### Instructions to follow:
Below are records with pictures in them. Transcribe everything from the line containing "Solid Color Flat" down to the line containing "Graphic shows four", exactly, and leave the pictures behind.

### Records to process:
▼

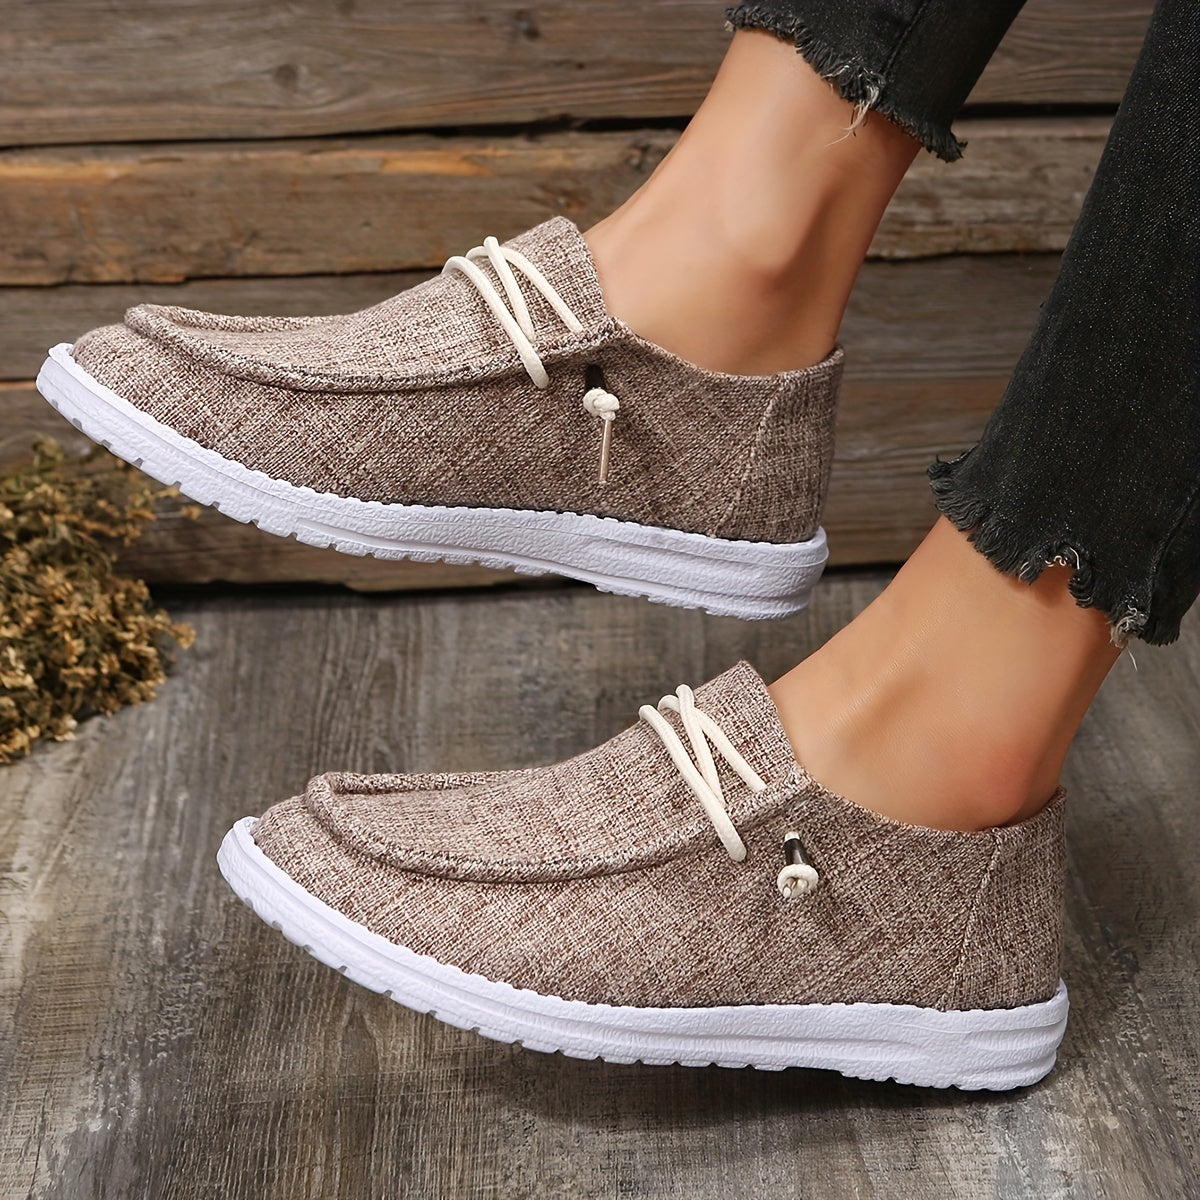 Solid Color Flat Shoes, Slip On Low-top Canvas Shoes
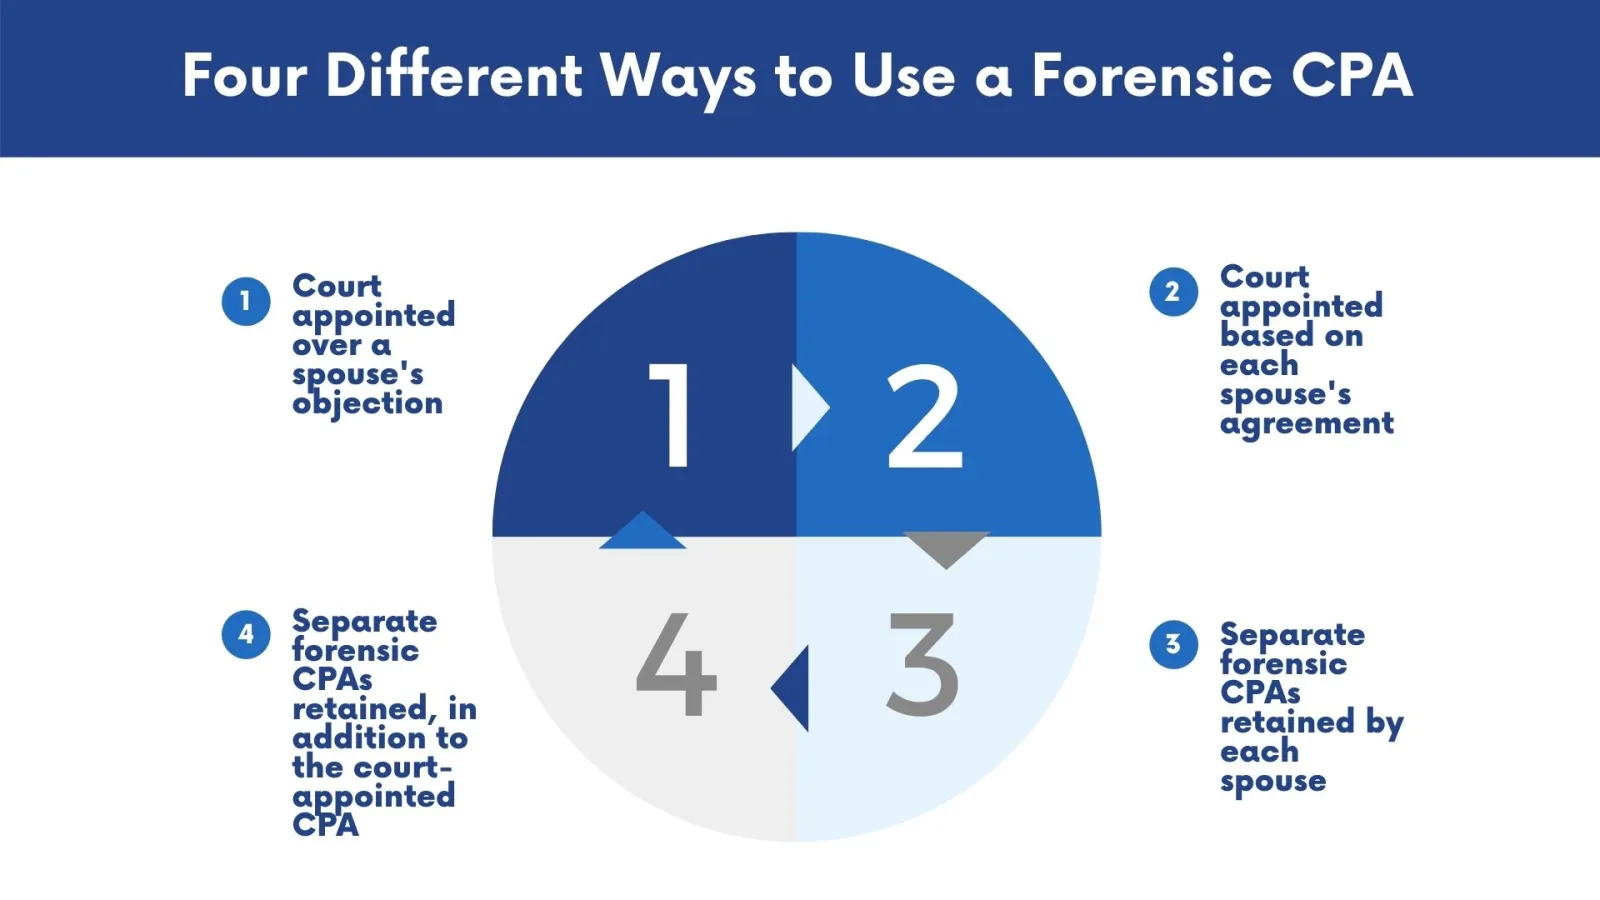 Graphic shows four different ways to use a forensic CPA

▲
▼

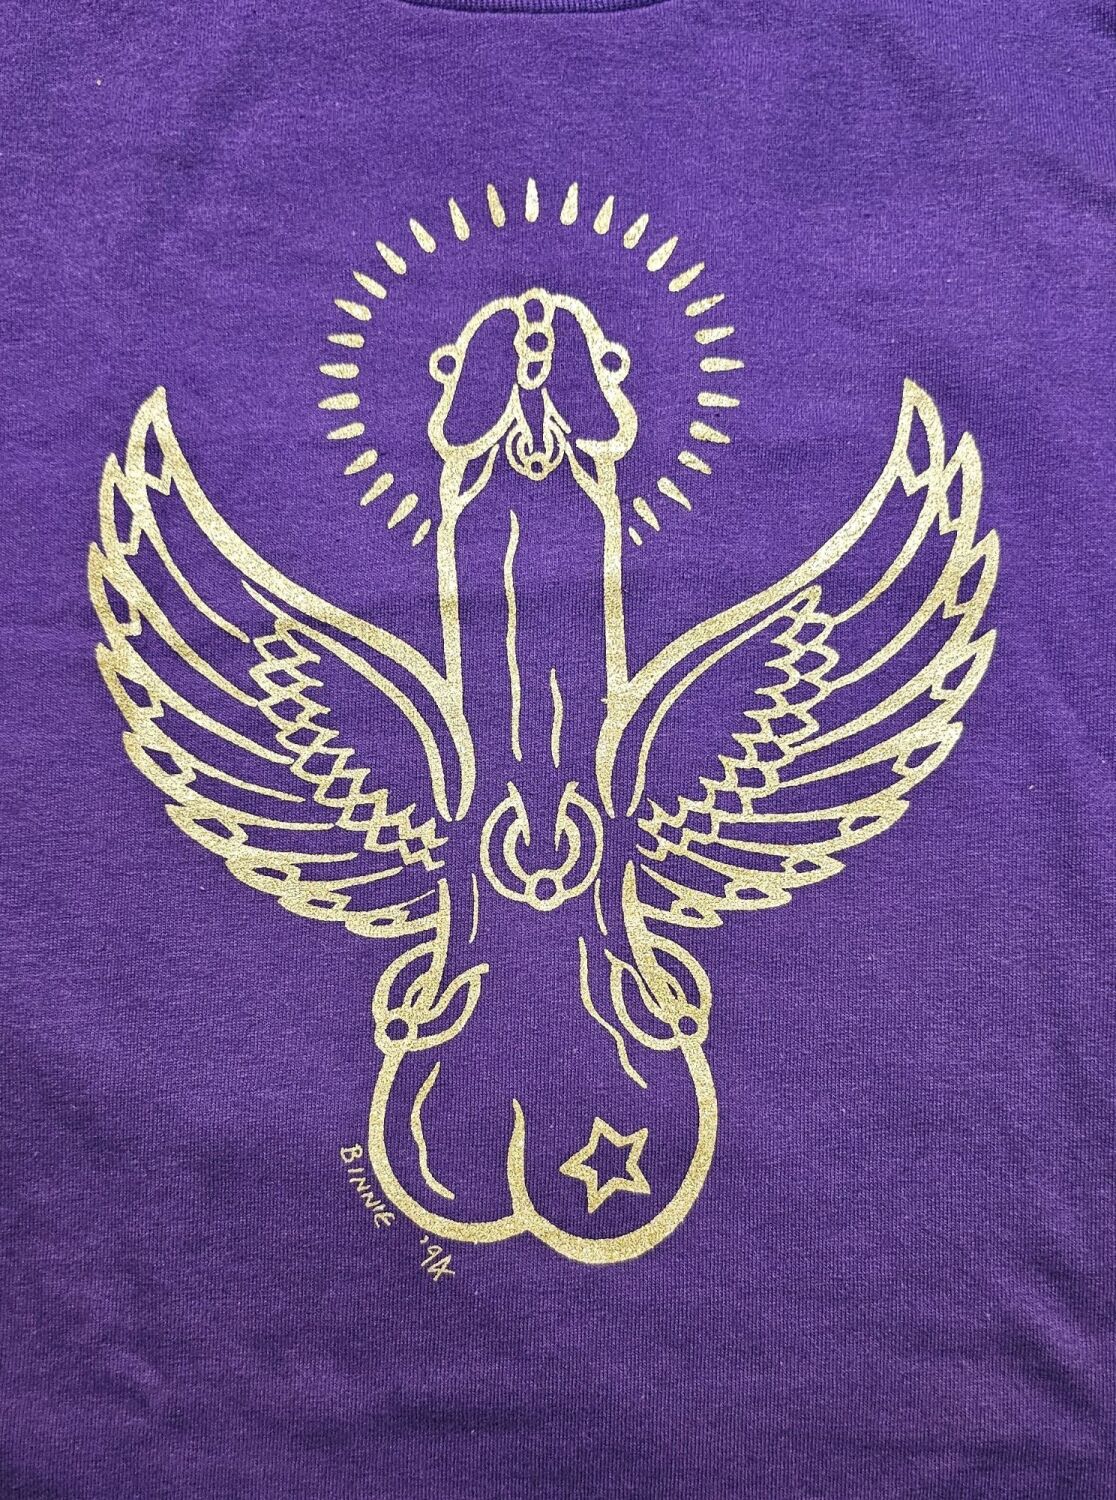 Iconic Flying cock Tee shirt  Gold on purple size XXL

▲

### Result of this task:
 Solid Color Flat Shoes, Slip On Low-top Canvas Shoes
 Graphic shows four different ways to use a forensic CPA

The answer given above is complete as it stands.